Cellulase breaks down cell walls of plant cells.

Question 36

Abscission mechanisms:

Answer 36

Falling light levels lead to decreased auxin conc. -> Plants produce ethene in response -> initiates gene switching in abscission zone -> produces new enzymes -> digest and weaken cell walls of abscission zone.
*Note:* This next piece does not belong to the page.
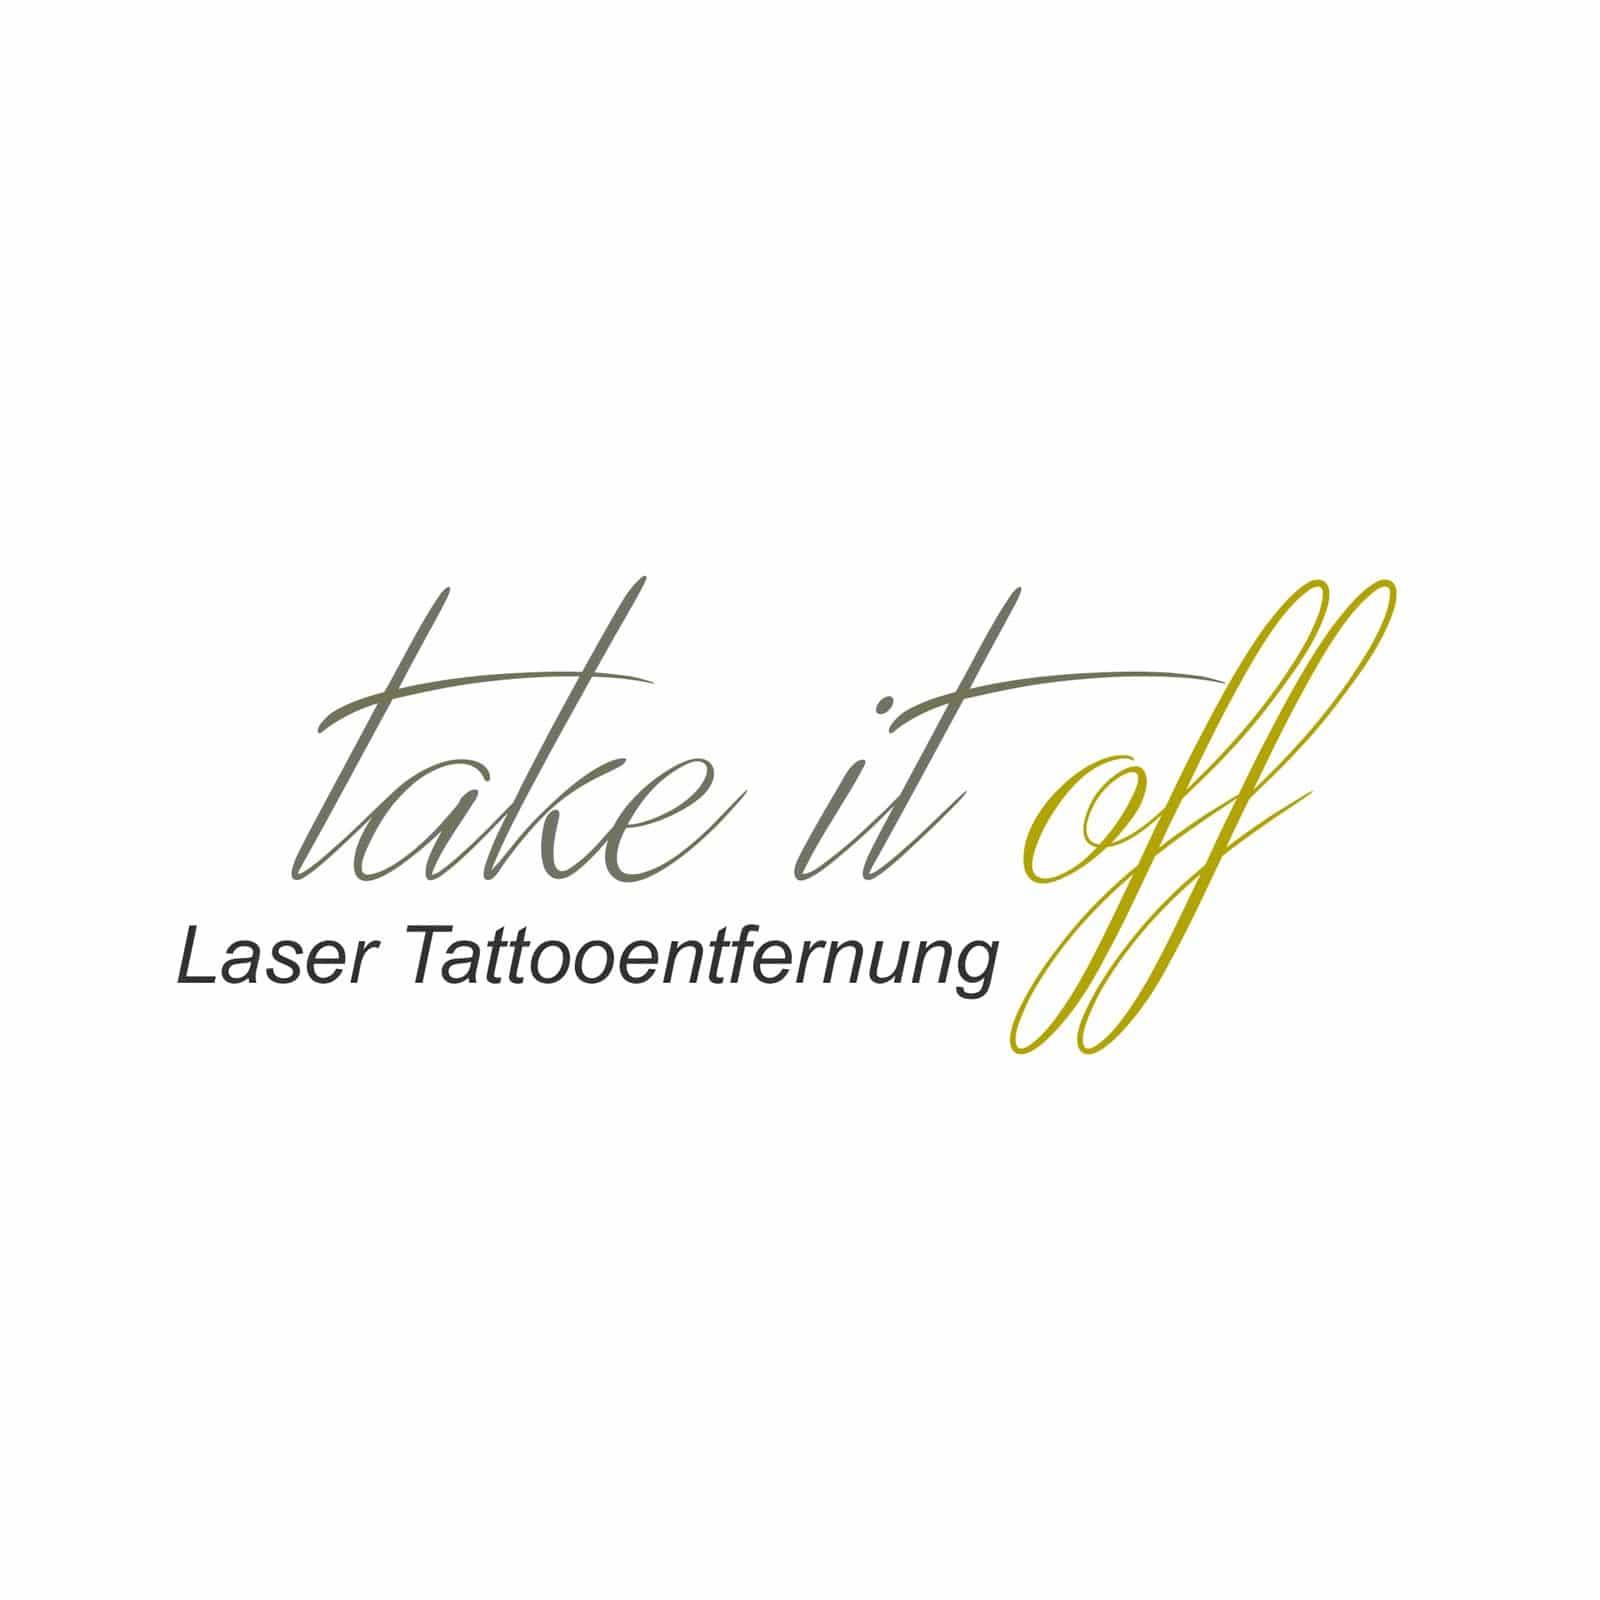 take-it-off-logo-esslingen-am-neckar-kirchheim-liebespixel

Abiotic factors (e.g wind) cause final breakage.

Question 37

What is a petiole?

Answer 37

A petiole is stem off of the main stem which precedes a fruit or leaf.

Question 38

Stomatal Control:

Answer 38

• > Controlled dependent on heat and water availability.
• Stomata opened to cool down -> Warm water absorbs heat and evaporates.
• Close to conserve water.

Question 39

When is ABA released by plants:

Answer 39

When roots in soil detect low water levels and when leaf cells are under abiotic stress to close the stomata.

Question 40

How does ABA control stomata opening/closing:

Answer 40

ABA binds to a receptor on the plasma membrane of a stomatal guard cell -> triggers a cascade reaction resulting in the ions moving into the cell, reducing their water potential -> causes the cell to become turgid, closing the stomata and reducing the water loss by transpiration.

Question 41

Methods of preventing freeze:

Answer 41

• Cytoplasm and sap in vacuoles decrease freezing point
• Solutes synthesises to act as antifreeze
• Most species only produce chemicals that make them frost resistant during the winter months. -> gene switching in response to prolonged decrease in temperature + reduction in day length
• Sustained spell of warmer weather can reverse changes.